We discussed various times about hosting each other a cachet.

I have a better idea, it is a mix of the following:

the netlifly is for maintenances (with RSS).

And grafana is for real time status of services (with prom and blackbox)

Now, let’s say we have Alice and Bob. Alice will host the status page for Bob.

Alice needs to discover the list of services to monitor.

This looks like this the configuration.

Bob could setup one http endpoint with this file, and Alice has to scrap it regularly and when it changes restart her Prom.

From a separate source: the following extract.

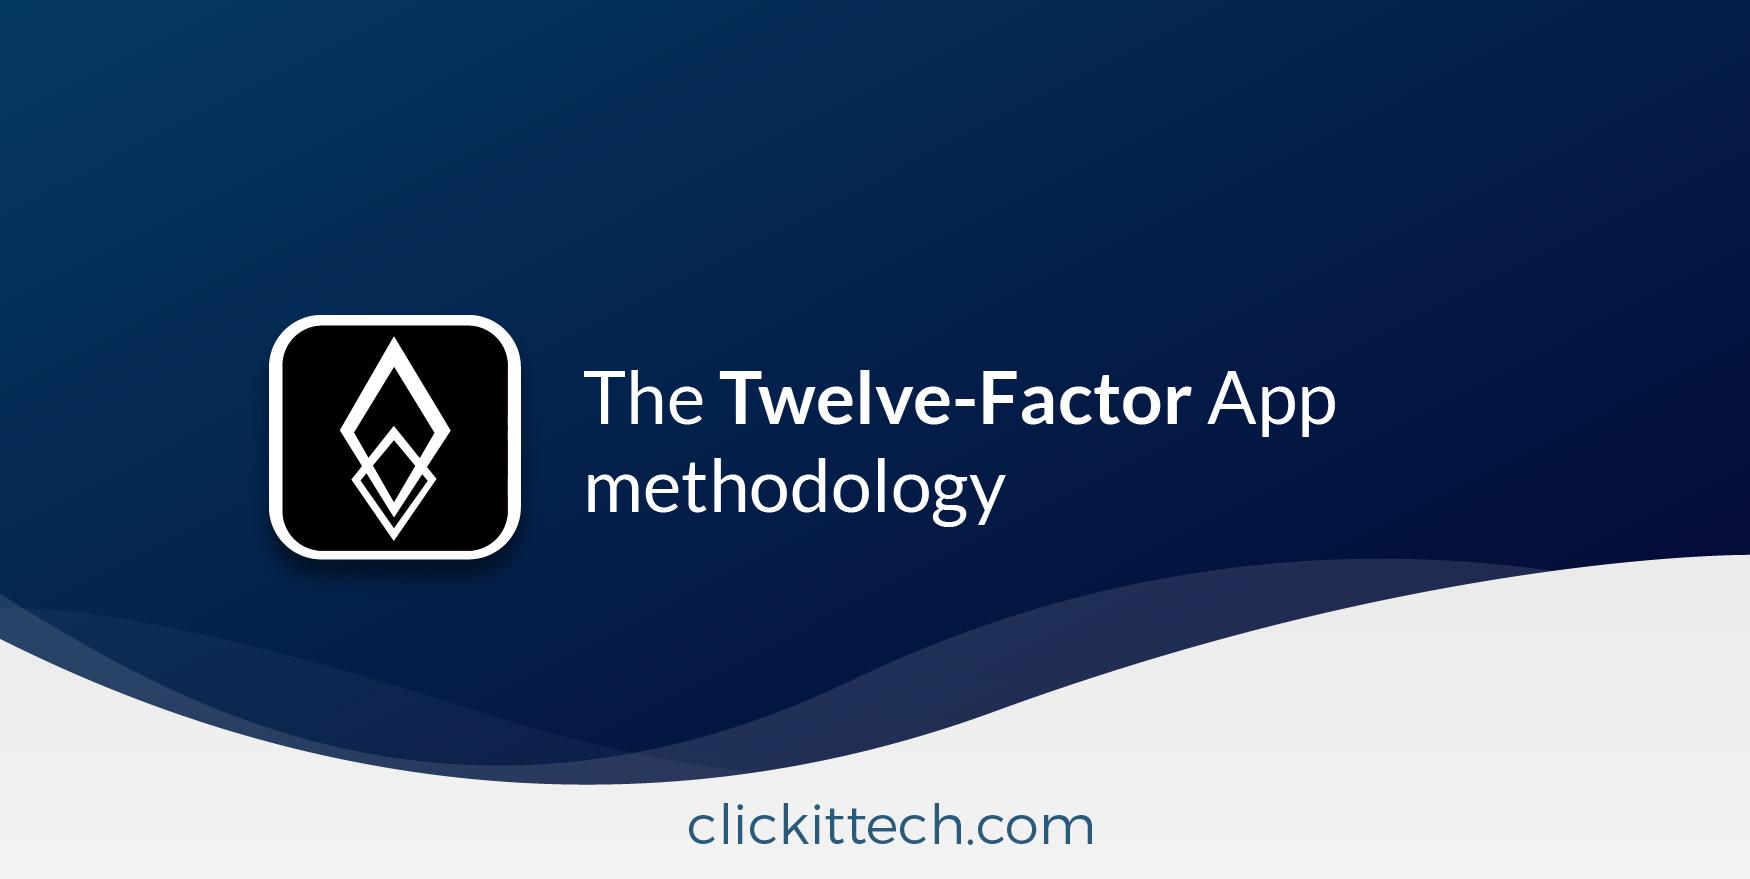 How to use the Twelve-Factor App methodology for SaaS Laravel app on AWS

This is just the basic idea, but if you are interested, we should do a hackathon :slight_smile: (even remote :wink: )


#3

Alice and Bob met on this forum, or in the matrix channel :slight_smile:

Actually, this could also be a service offered by the network.

Both ways are fine for me.

Regarding alerts, Alice can also configure Prometheus alerts so that if a service is down, it sends an email or a webhook to Bob endpoint.


#4

This can be helpful too :slight_smile:


#6

Of course this is containerized, so we just need to know the Docker commands and the cost of hosting it. :wink:

Maybe we should make an inventory of “our” resources (I think a lot of people here use Hetzner, so it might be interesting to see how much “cloud” could be turned into a colocation for example.)


#7

If we are to automate, we need to establish some “protocol” beyond the technology itself.

If we converge on Docker, we already have a common base for disseminating the containers. But I find the challenge on a few other questions:

  1. Which addresses should these containers probe?
  2. Do they scrape some entries on the librehosters.json?
  3. Do they scrape all addresses published there, or a few of them (meaning there is some orchestration in saying e.g. an address is to be probed by 3 other containers, think of replicas)?
  4. Can all the information to be scraped public, or do we have an internal trusted chain?

#8

My answer here is always discovery/registration.

So Bob wants Alice to host hist status page.

I think that Bob has to register it’s list of endpoint, probably an array in a json.
And Alice would have to watch that endpoint to rerender a prometheus configuration and restart prom.
Or, when Bob changes his endpoint, he could send a webhook to Alice (which is better for the environement).

In a k8s context, we could also imagine that Alice hosts prom in a k8s cluster. The list of services to monitor is just a CRD, and Bob can modify this CRD himself.